▸ Prompt: Leave out the images and return all the data word for word.

Top of Data extract

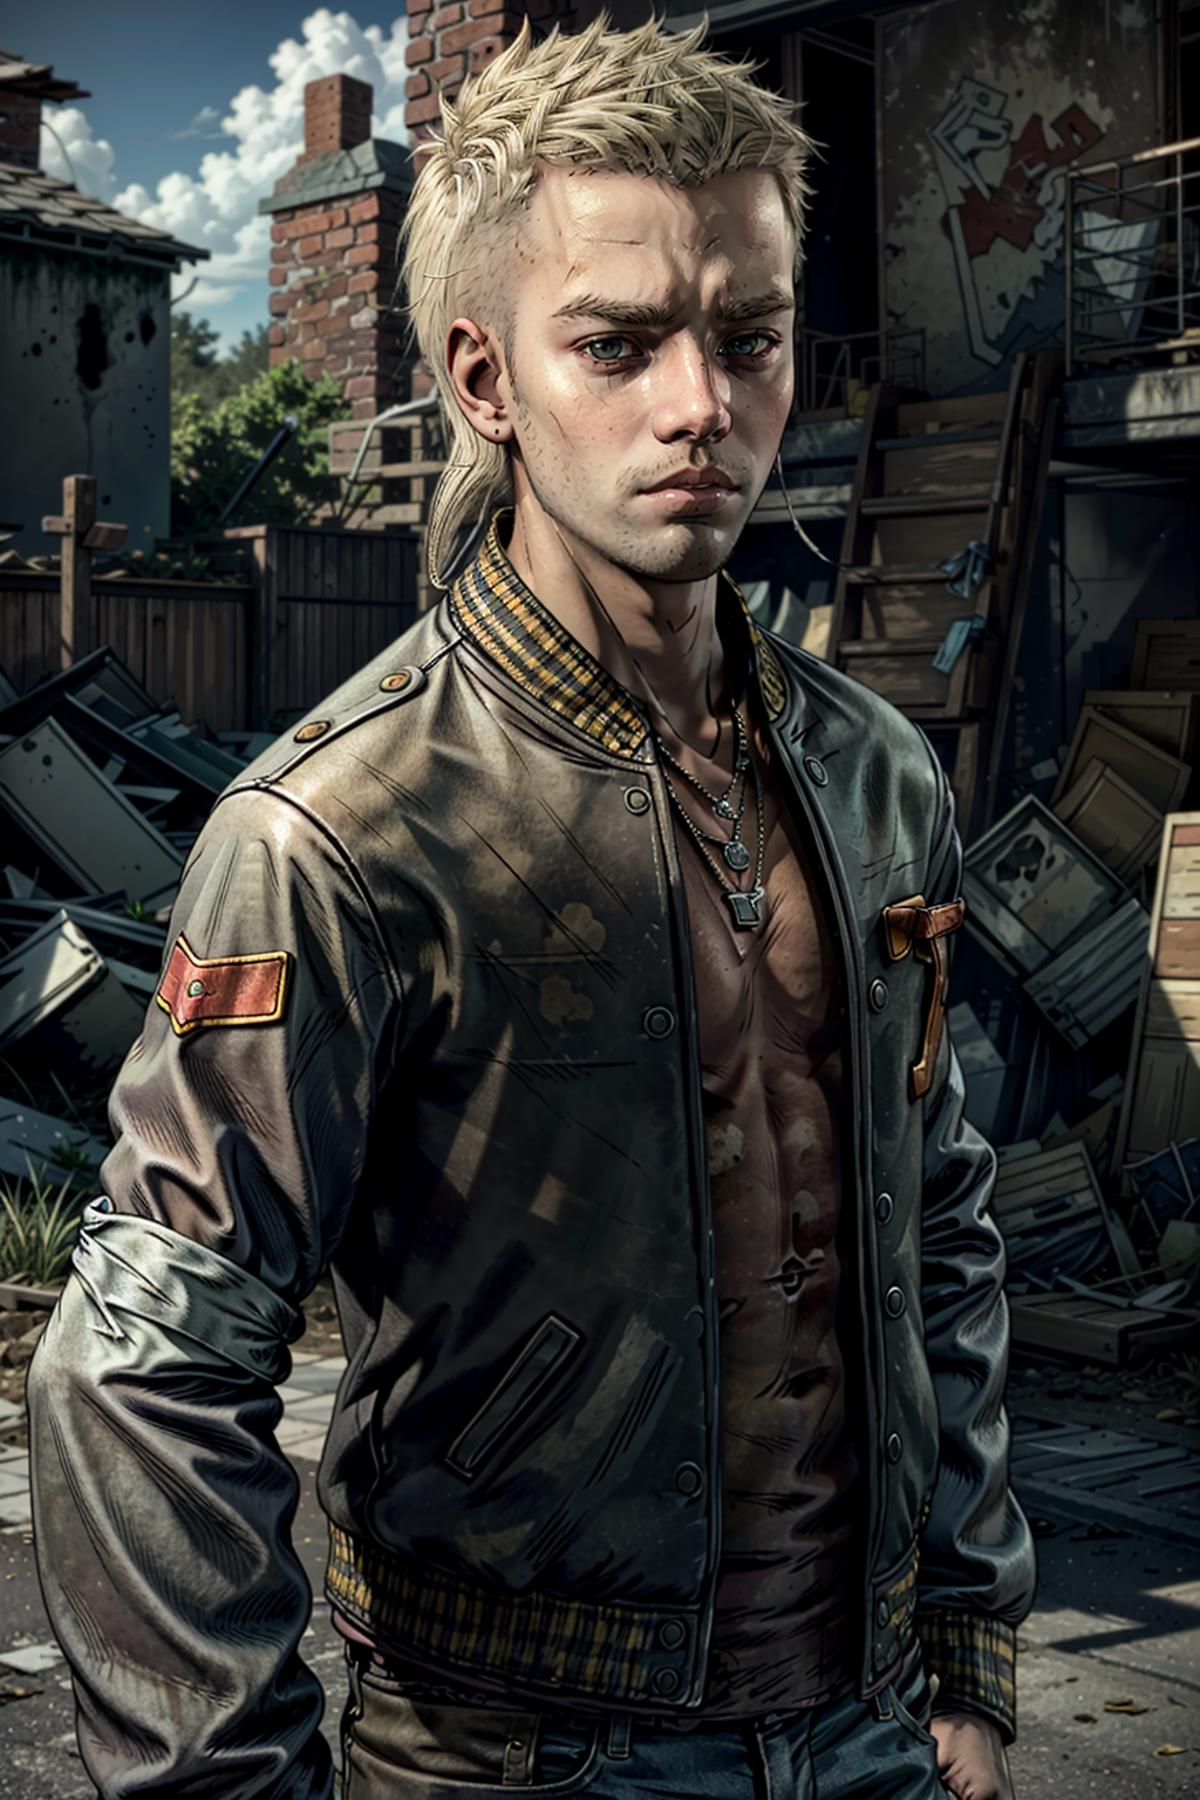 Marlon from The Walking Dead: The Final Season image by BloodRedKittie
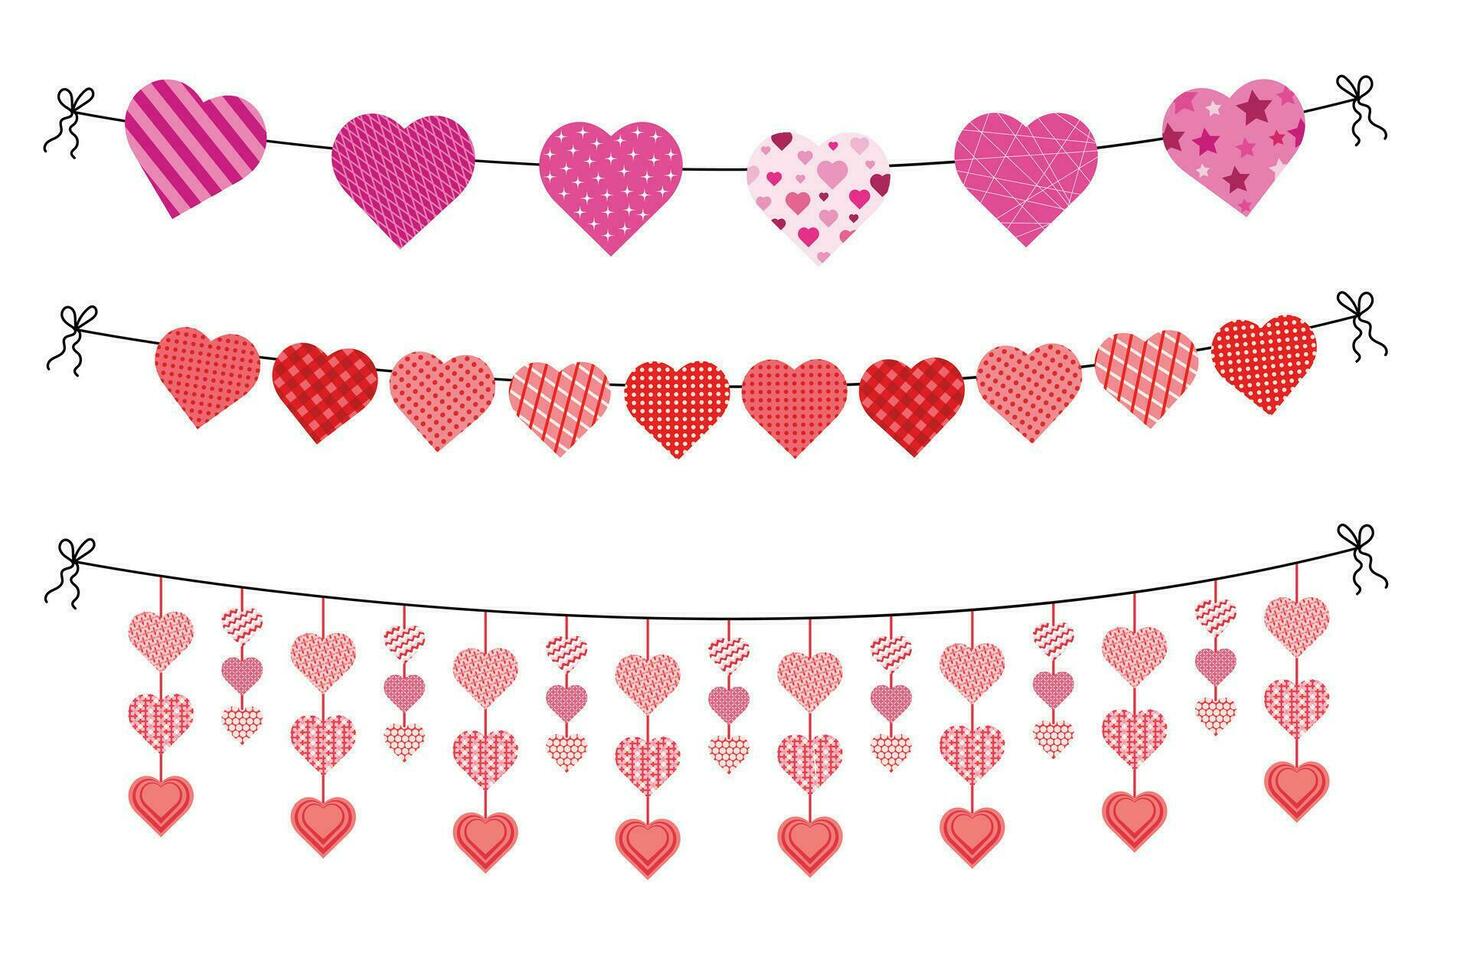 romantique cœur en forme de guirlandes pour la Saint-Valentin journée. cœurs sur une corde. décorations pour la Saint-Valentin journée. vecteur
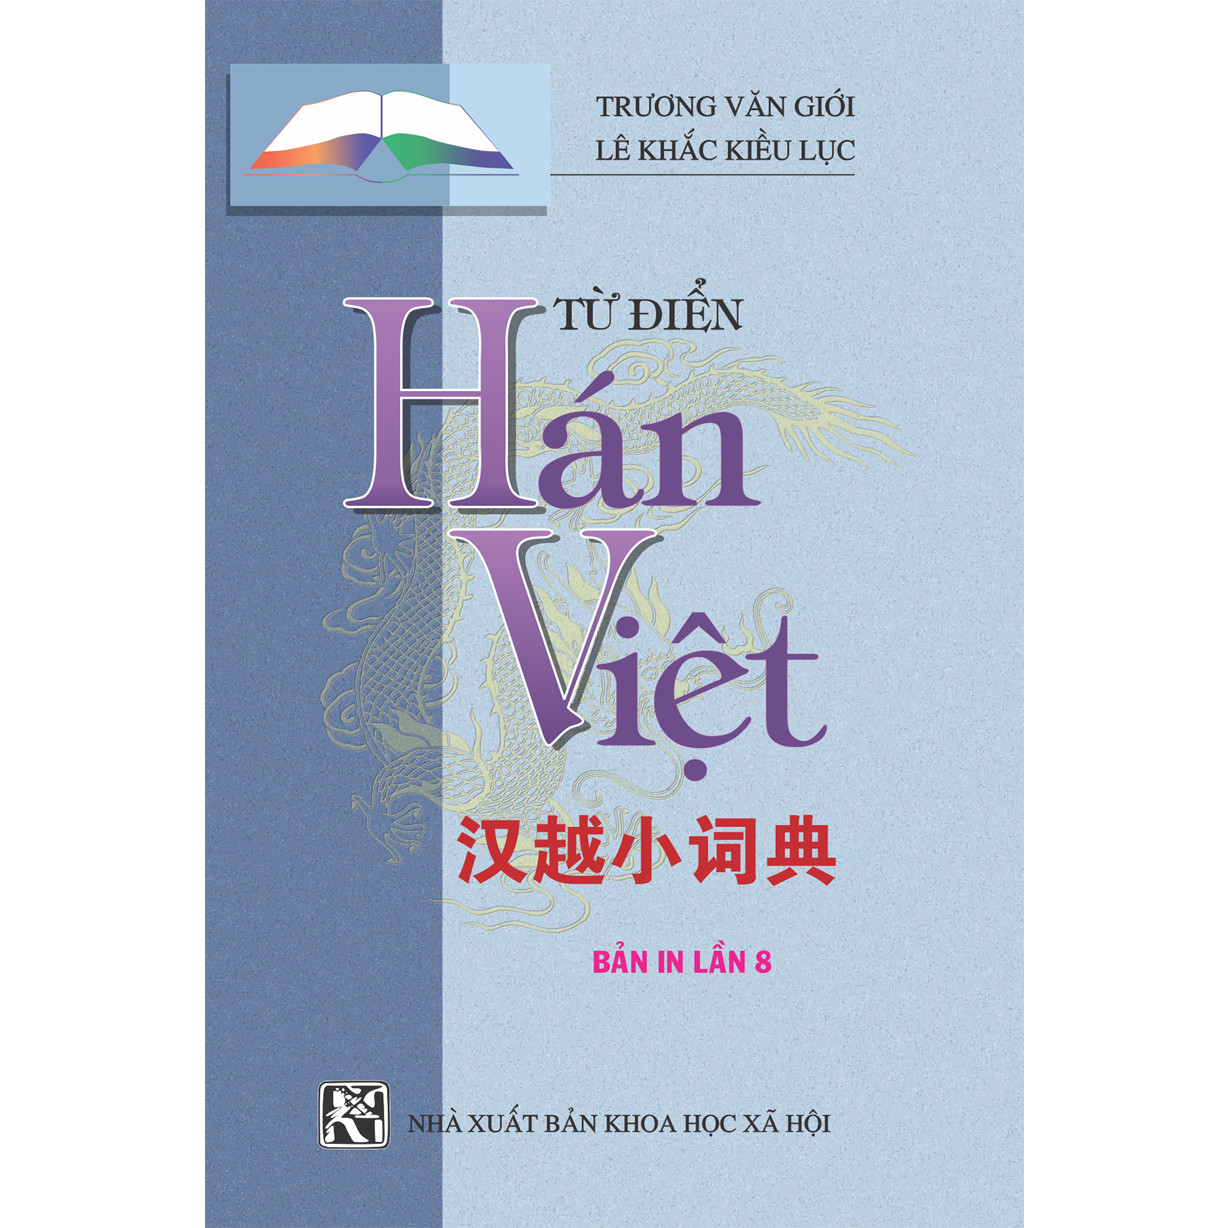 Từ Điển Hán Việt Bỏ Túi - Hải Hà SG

Bottom of Data extract

▸ Output for this exercise:
 Marlon from The Walking Dead: The Final Season image by BloodRedKittie
 romantique cœur en forme de guirlandes pour la Saint-Valentin journée. cœurs sur une corde. décorations pour la Saint-Valentin journée. vecteur
 Từ Điển Hán Việt Bỏ Túi - Hải Hà SG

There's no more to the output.